For those who watch and listen to O’Dea, there are few surprises. He last saw the Eagles in Las Vegas, loves John Wayne movies and had a great time recently taking a horseback ride through Wetmore. That’s called a pattern.
He wishes, more than any other amazing thing he could do, he could “predict the future.”
I’ve seen the polling, Joe. You might not want to know.
He doesn’t like taking out the trash. Is that telling for someone who wants to be a politician?
During the pandemic, he really missed just stopping off at a bar for a beer. We recently found out he drinks Michelob Ultra on ice. Perhaps he just likes the company.
Anyone who follows Democratic Gov. Jared Polis’ social media accounts or listens to him ad lib in public knows he has a deep-seated nerdy attraction to eye-rolling puns and layered wit.
The most “Colorado thing” he’s done recently? “Roasted (and subsequently tasted) chiles at the Pueblo Chile Fest!” Truly a Coloradan, and speaker of Spanish, he used the correct “chile” before subsequently roasting and tasting said chiles.
He hangs most often at his son’s “playtime” cafe, where the lattes rock.
Odder only than coveting a superpower allowing for knowing the future, like Bennet’s political opponent, Polis envies anyone who has “infinite wisdom.”
Huh. Listening to him talk, sometimes, I’d say he feels he’s pretty close to that.

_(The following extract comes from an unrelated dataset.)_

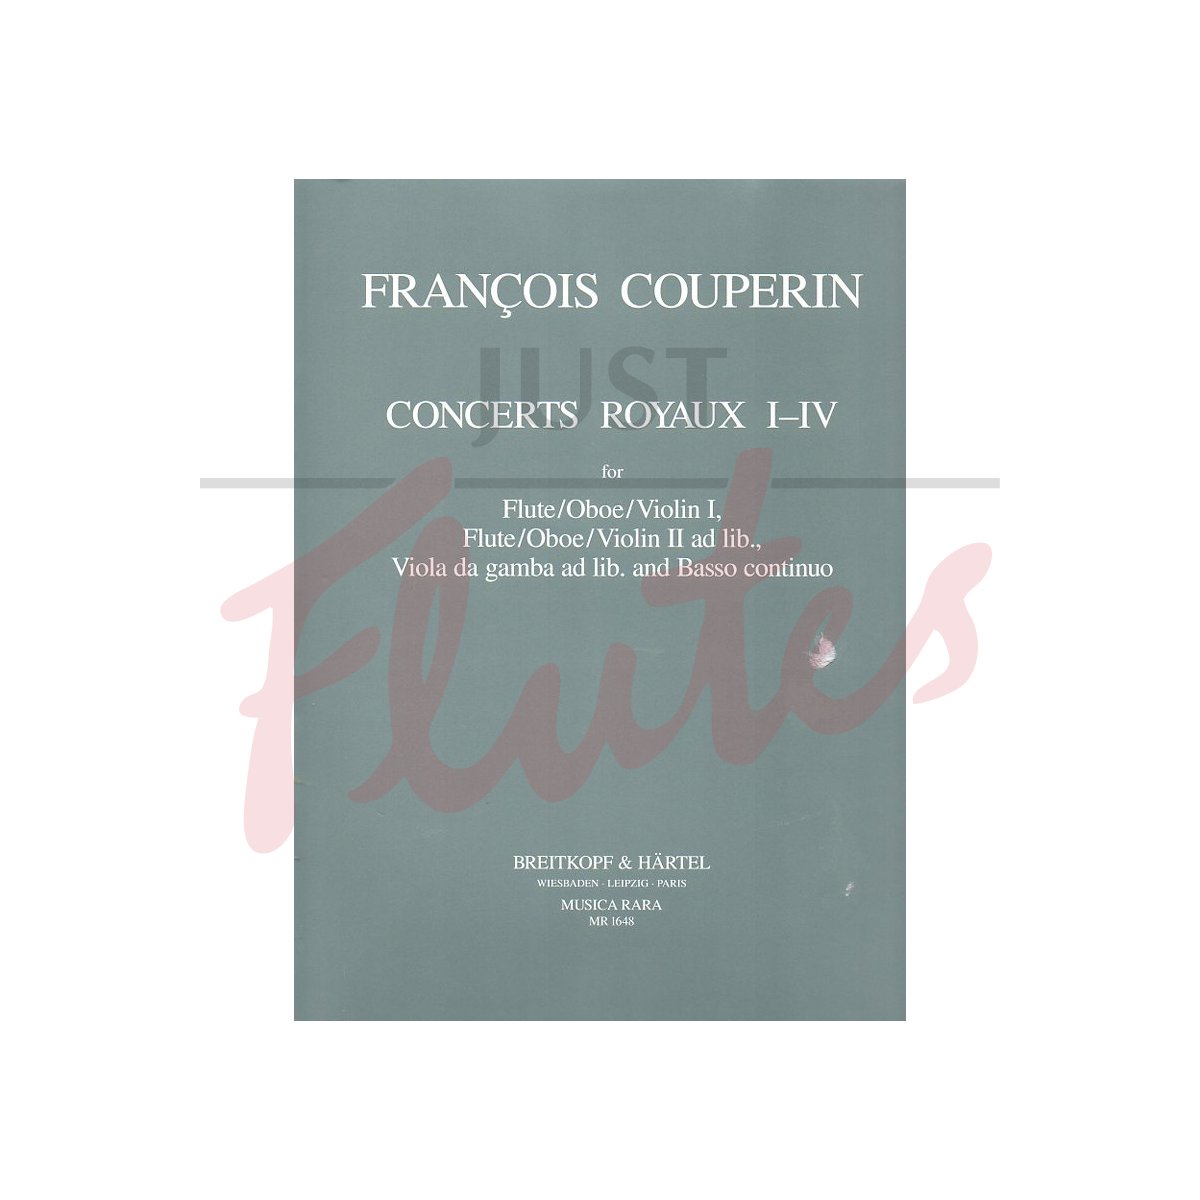 Concerts Royaux 1-4 [Complete]

He’s a total Trekkie, too, and over the years, he’s milked and mixed those metaphors and cliches like a pro.
He hates washing the dishes but is all about cooking. Next time, we’ll reach out to friends and family to see whether the “doers” are also the “mess makers.”
Finally, now you know Colorado’s governor regularly burns up broadband hours as a regular League of Legends player. Note to self: Ask state staff about his Summoner skills.
His Republican opponent, Heidi Ganahl, didn’t respond to several requests for campaign information and all the juicy details of her personal life.
Creator of Camp Bow Wow, and a self-inflicted critical wound over seeing imaginary “furries” in schools across the state, I’m guessing she doesn’t identify as Catwoman.